For the full technical deep-dive, see Inside ClawRouter's Decision Layer. The summary:
The Decision Pipeline (<1ms, fully local)
1. Lexical scoring → 14 weighted dimensions, score ∈ [-1, 1] each
2. Tier mapping → SIMPLE / MEDIUM / COMPLEX / REASONING
3. Confidence calibration → sigmoid; below 0.7 → AMBIGUOUS → defaults to MEDIUM
4. Profile resolution → auto / eco / premium → primary + ordered fallback
5. Capability filtering → context window, tool calling, vision
No external API calls. No LLM inference in the classification step. Pure keyword matching and arithmetic.
14-Dimension Scoring
The classifier reads the prompt and scores it across 14 weighted dimensions. Weights sum to 1.0:
| Dimension | Weight | Detects |
|---|---|---|
| reasoningMarkers | 0.18 | "prove", "theorem", "step by step" |
| codePresence | 0.15 | "function", "class", "import", backticks |
| multiStepPatterns | 0.12 | "first…then", numbered lists, "step N" |
| technicalTerms | 0.10 | "algorithm", "kubernetes", "distributed" |
| tokenCount | 0.08 | <50 tokens vs >500 tokens |
| creativeMarkers | 0.05 | "story", "poem", "brainstorm" |
| questionComplexity | 0.05 | >3 question marks |
| agenticTask | 0.04 | "edit", "deploy", "fix", "debug" |
| constraintCount | 0.04 | "at most", "within", "O()" |
| imperativeVerbs | 0.03 | "build", "create", "implement" |
| outputFormat | 0.03 | "json", "yaml", "table", "csv" |
| simpleIndicators | 0.02 | "what is", "hello", "define" |
| referenceComplexity | 0.02 | "the code above", "the API docs" |
| domainSpecificity | 0.02 | "quantum", "FPGA", "genomics" |
Multilingual: Every keyword list ships in 9 languages (EN, ZH, JA, RU, DE, ES, PT, KO, AR). "证明这个定理" triggers the same reasoning classification as "prove this theorem."
Tier Mapping
The weighted score lands on a single axis with three boundaries:
SIMPLE < 0.0 < MEDIUM < 0.3 < COMPLEX < 0.5 < REASONING
We classify the request, not the model. Tier first, model second.

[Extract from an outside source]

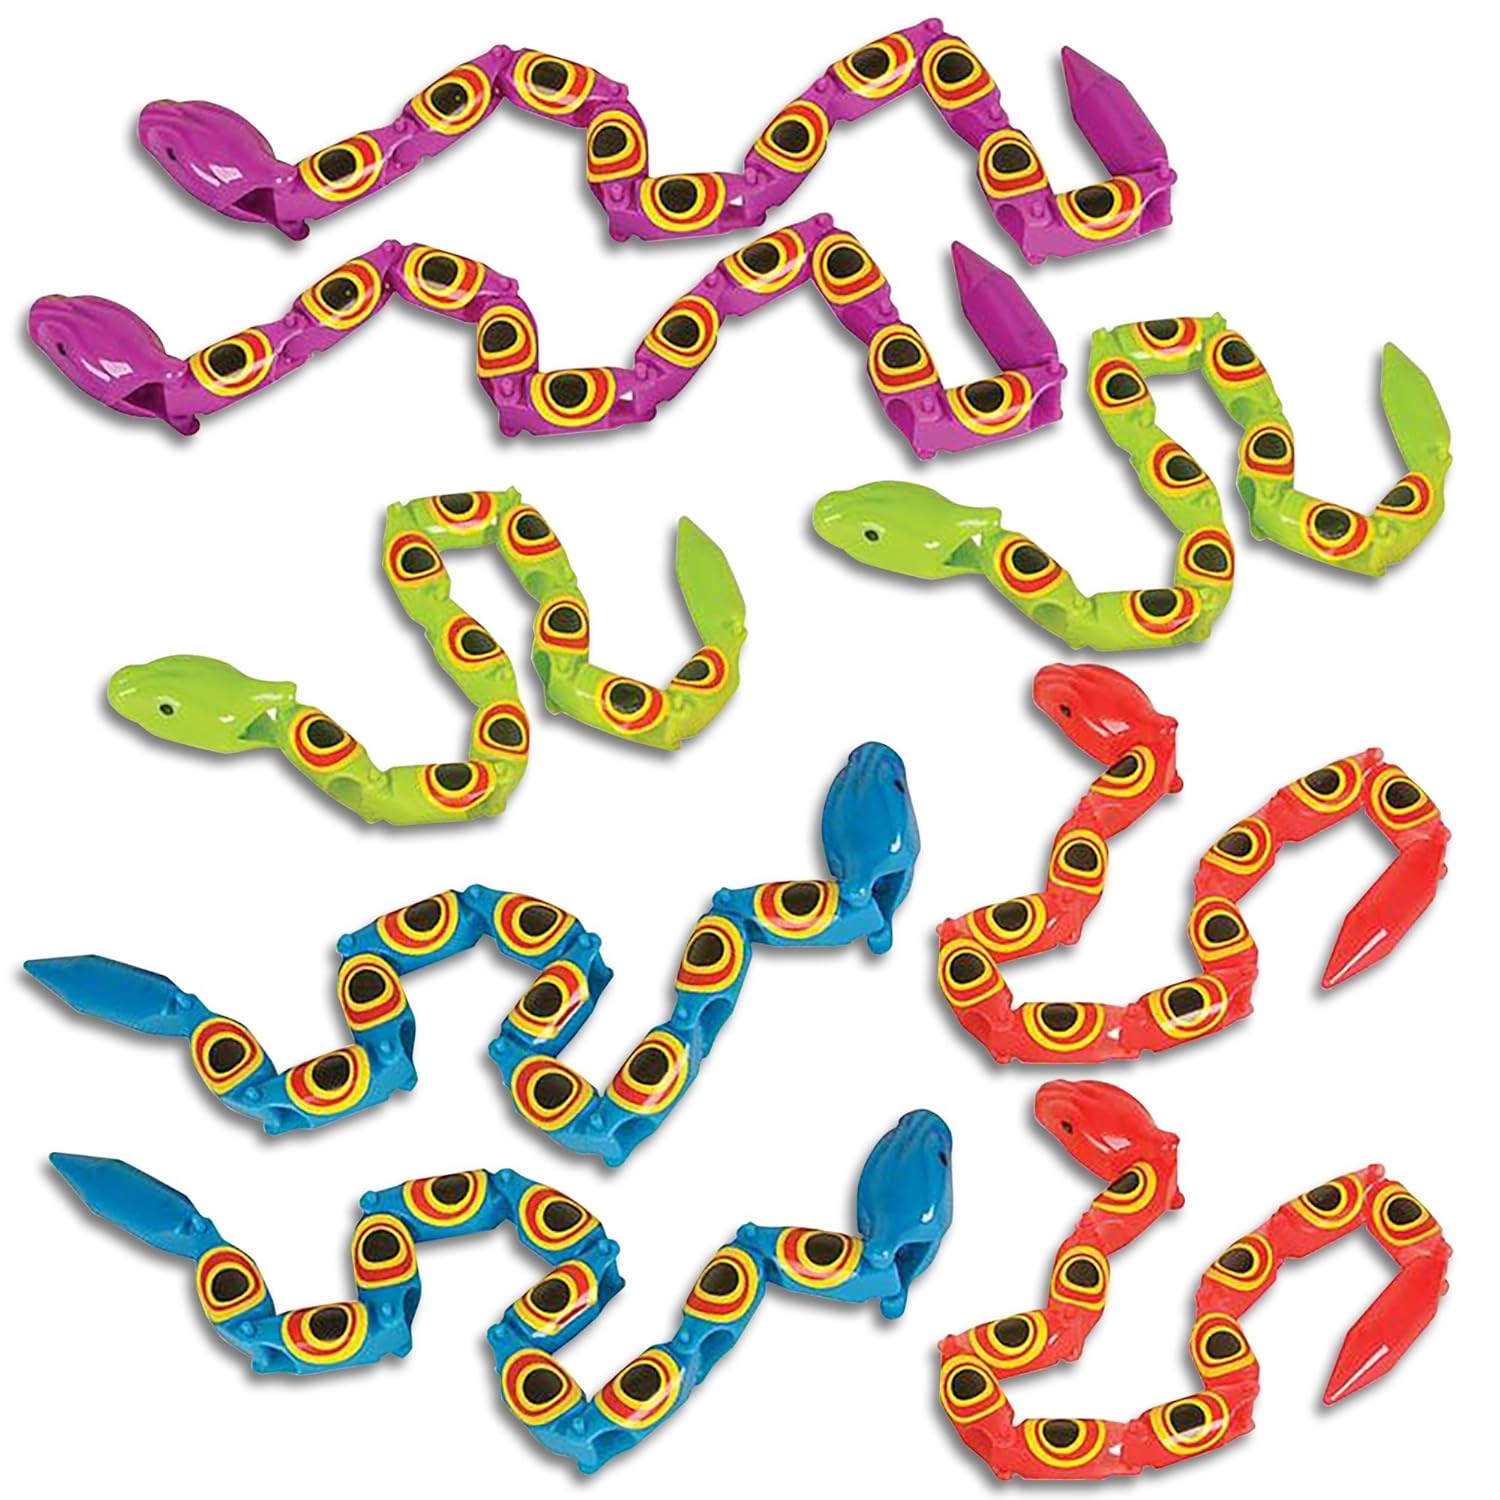 Jointed Snake Toys Set of 12 - 15 Inch

Sigmoid Confidence Calibration
When a score lands near a tier boundary, we don't trust it. The router runs:
confidence = 1 / (1 + exp(-12 × distance_from_boundary))

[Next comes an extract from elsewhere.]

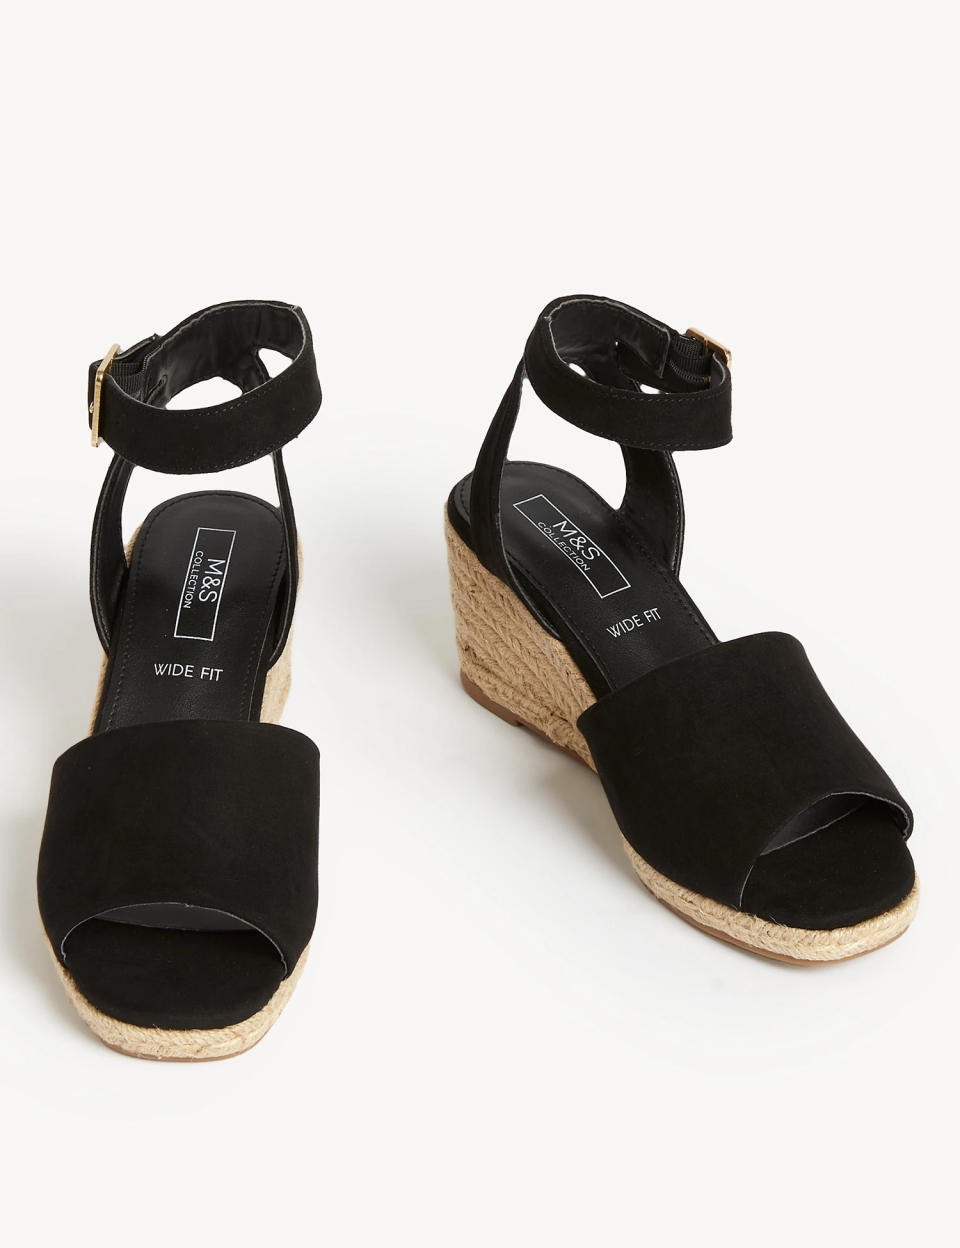 For a bit of height without sacrificing comfort, these wedges are the perfect buy. (M&S)

If confidence drops below 0.7, the request is reclassified as AMBIGUOUS and defaults to MEDIUM, never SIMPLE. The router fails upward, never downward — under uncertainty we'd rather spend a bit more than ship a bad result.

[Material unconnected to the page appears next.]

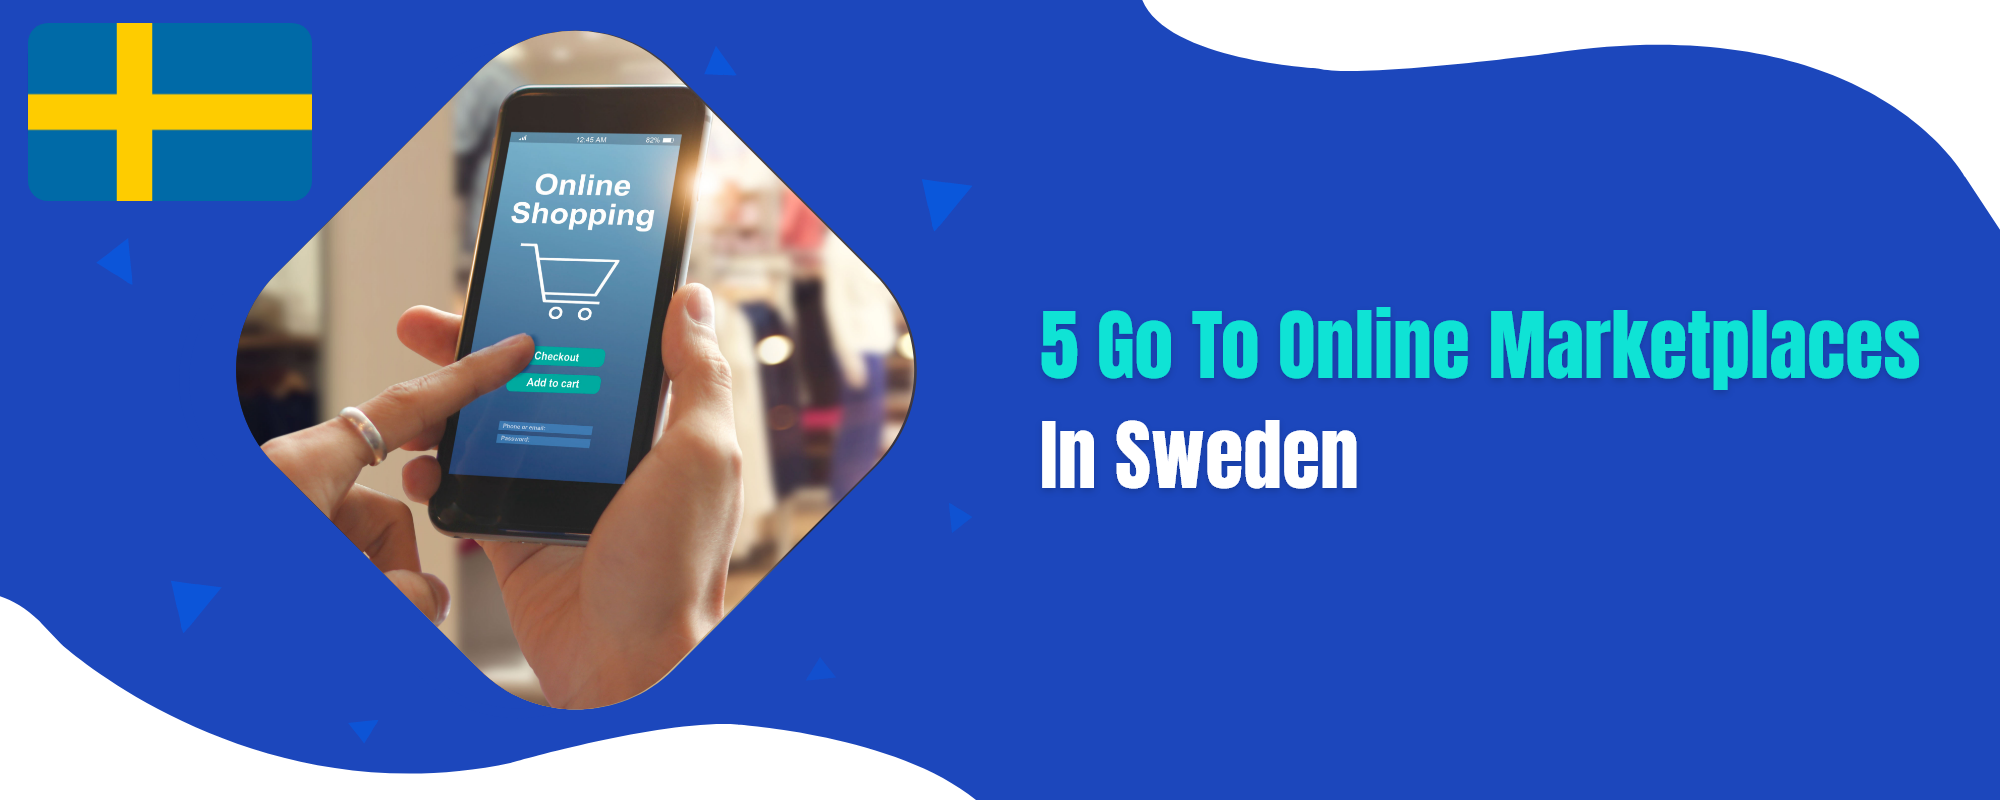 Ecommerce marketplaces in Sweden

Quality-First Fallback Chains
Each tier × profile combination resolves to a primary model plus an ordered fallback chain. Fallback ordering is the most important property of the system — the primary handles the happy path, the fallback handles reality (rate limits, outages, payment failures).
We descend by quality first, then trade quality for speed. Example COMPLEX-tier fallback under auto:
gemini-3-pro-preview IQ 48, 1,352ms ← primary
gemini-3-flash-preview IQ 46, 1,398ms
grok-4-0709 IQ 41, 1,348ms
gemini-2.5-pro 1,294ms
claude-sonnet-4.6 IQ 52, 2,110ms
deepseek-chat IQ 32, 1,431ms
gemini-2.5-flash IQ 20, 1,238ms
gpt-5.4 IQ 57, 6,213ms ← last resort
GPT-5.4 sits last despite the highest IQ — its 6.2s latency creates a worse compounded experience across multi-step workflows than a slightly-lower-IQ model that completes in 1.4s.
Runtime Capability Filtering
Before any model is dispatched, the candidate set is filtered against three hard constraints:
- Context window fit — must hold (input + estimated output) × 1.10 safety buffer
- Tool calling — if request includes tools, only function-calling models stay
- Vision — if request includes images, only vision-capable models stay
A "cheaper" model lacking a required capability is removed from the candidate set, never silently substituted. This prevents the classic multi-step failure mode where a tool-call step gets routed to a model that can't actually call tools.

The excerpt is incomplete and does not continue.